■ Data excerpt

____

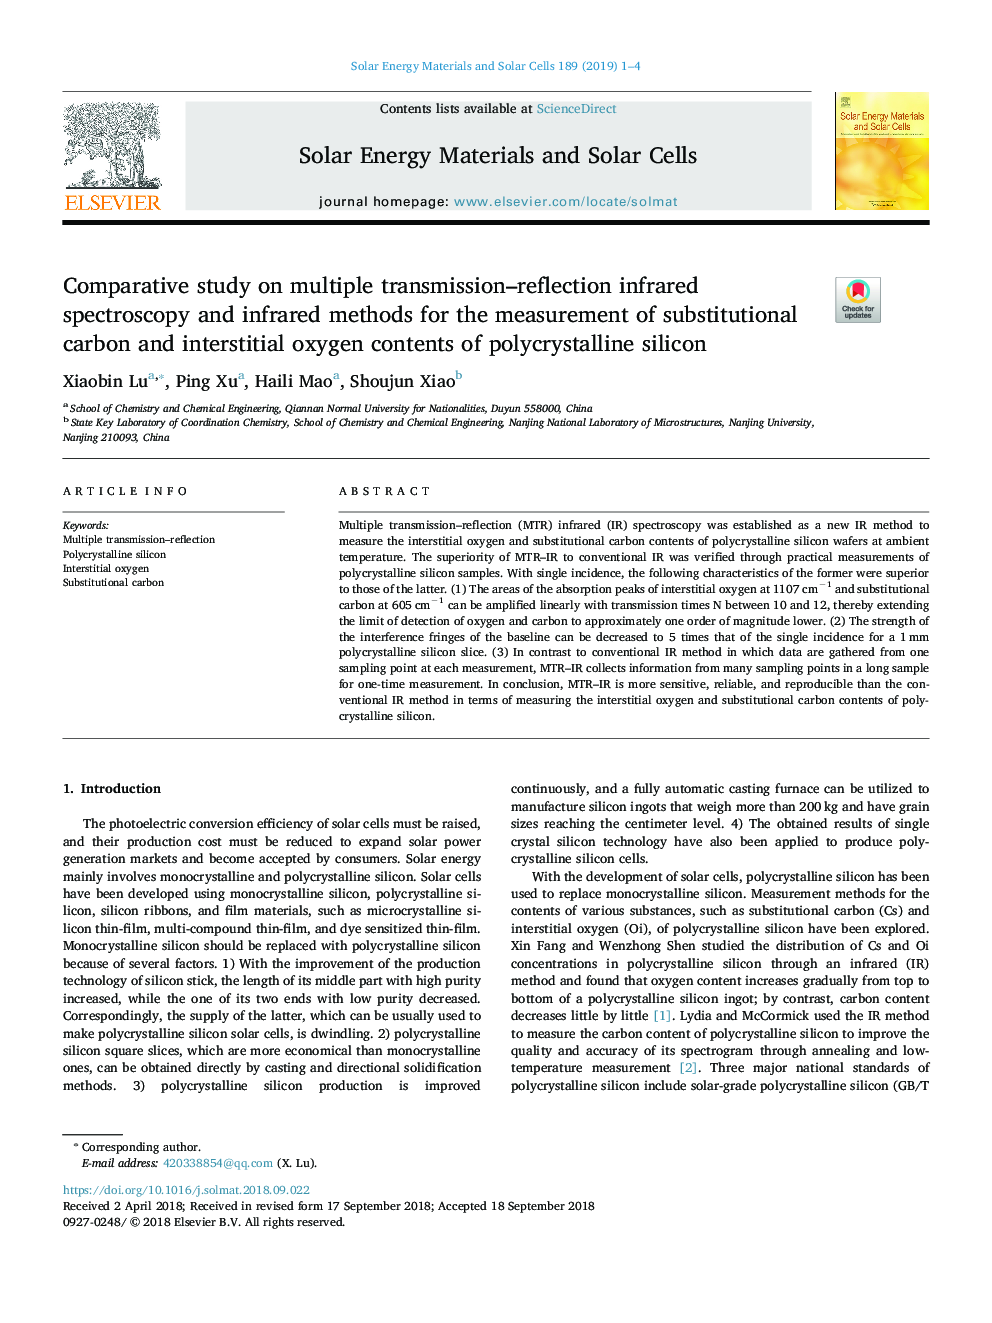 Comparative study on multiple transmission-reflection infrared spectroscopy and infrared methods for the measurement of substitutional carbon and interstitial oxygen contents of polycrystalline silicon
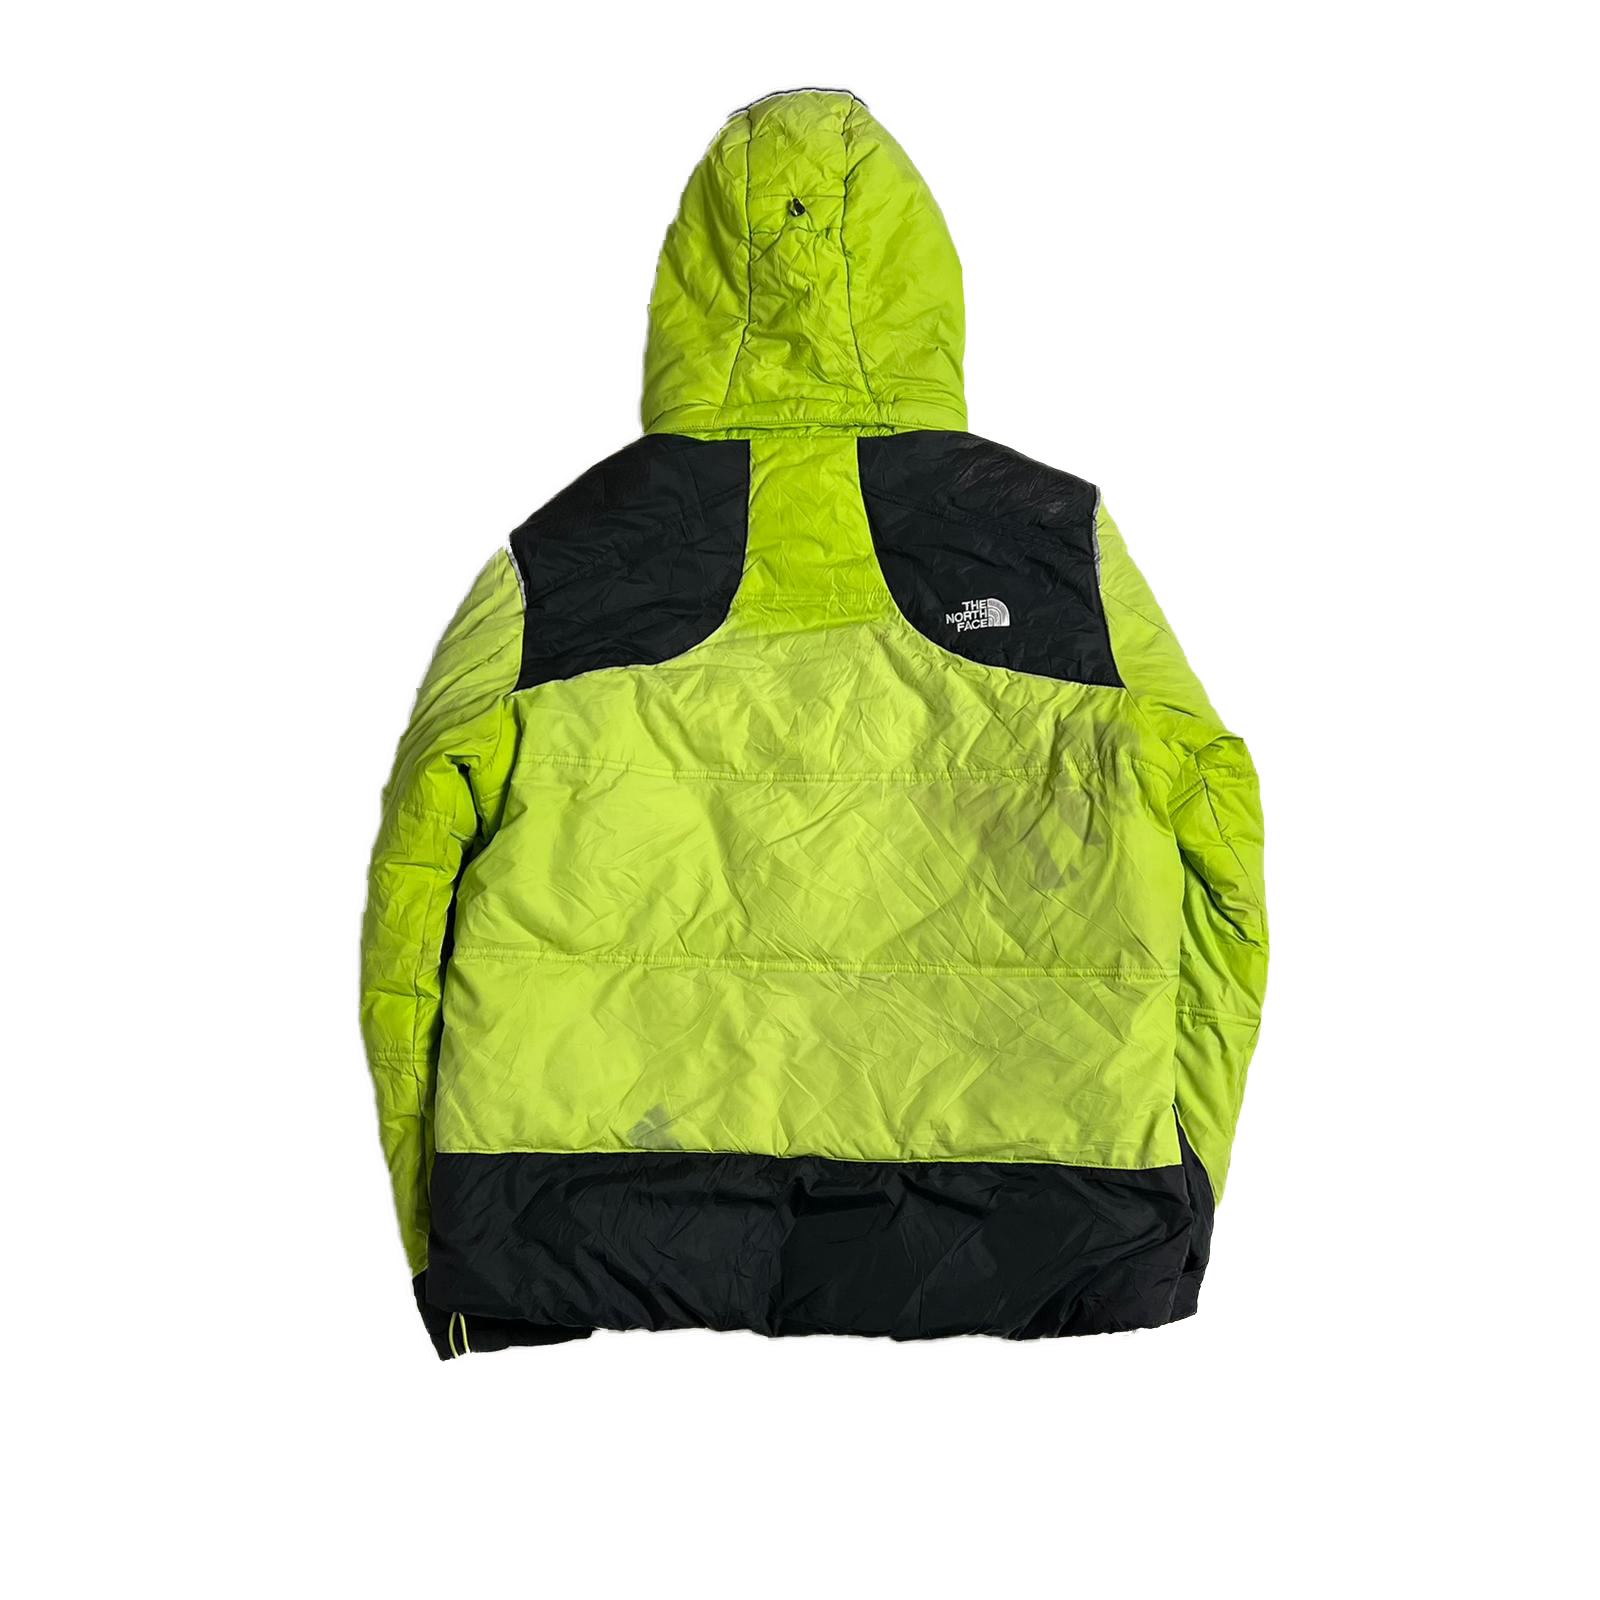 The North Face puffer
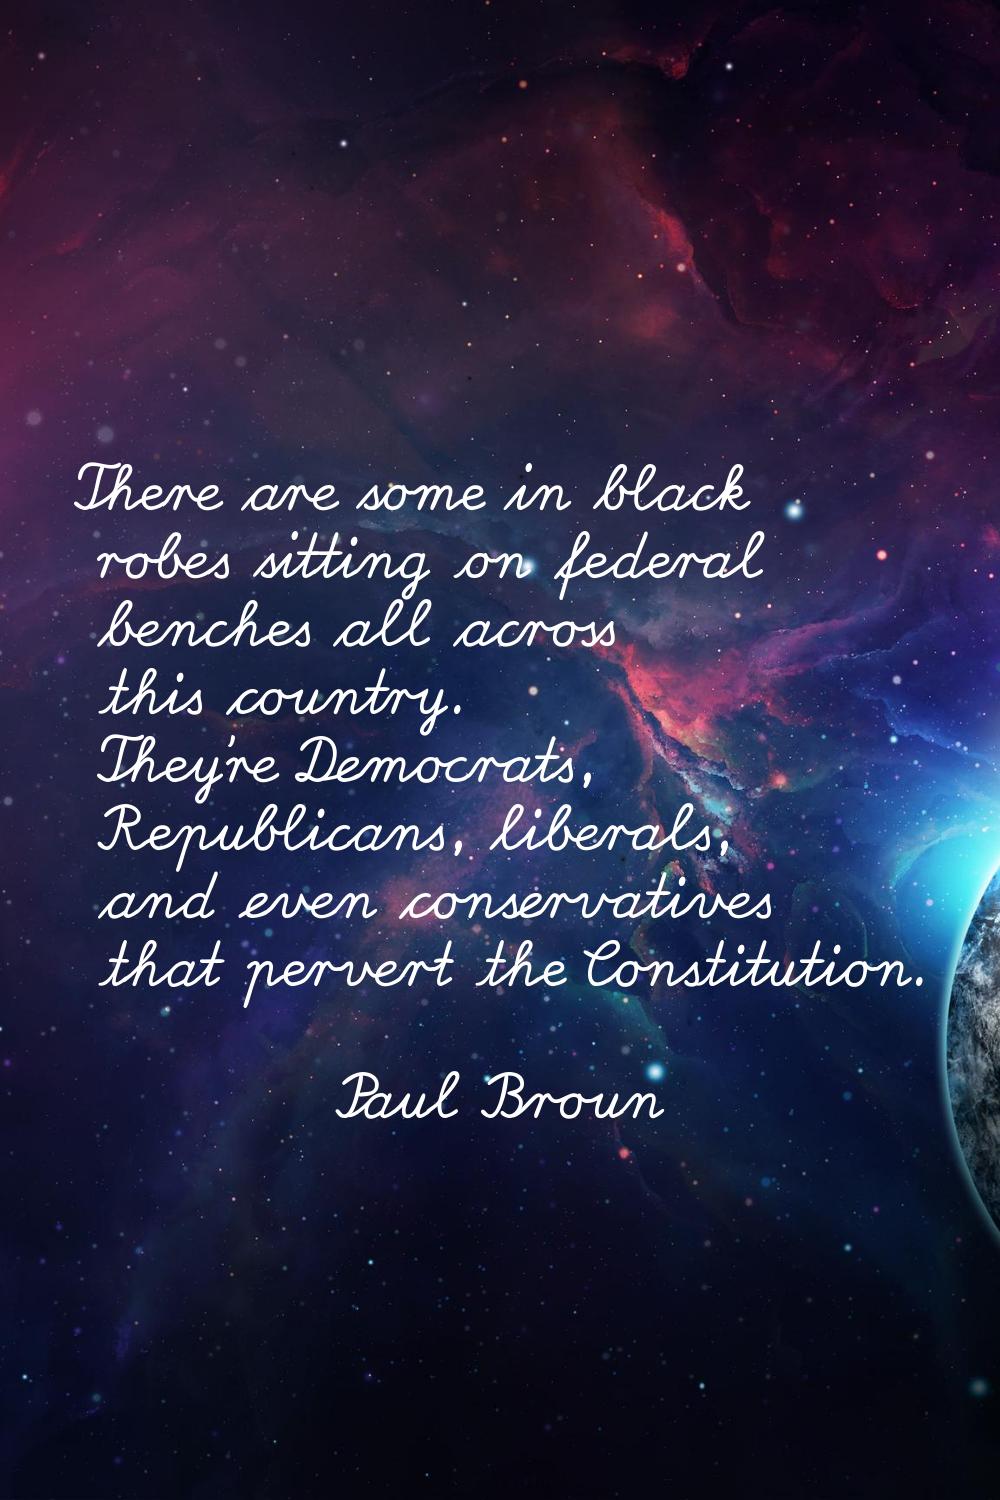 There are some in black robes sitting on federal benches all across this country. They're Democrats

____

■ Task details
Here the lines from the one containing "The North Face puffer" through the end of the material are to be copied exactly, with the pictures omitted.

■ Solution
 The North Face puffer
 There are some in black robes sitting on federal benches all across this country. They're Democrats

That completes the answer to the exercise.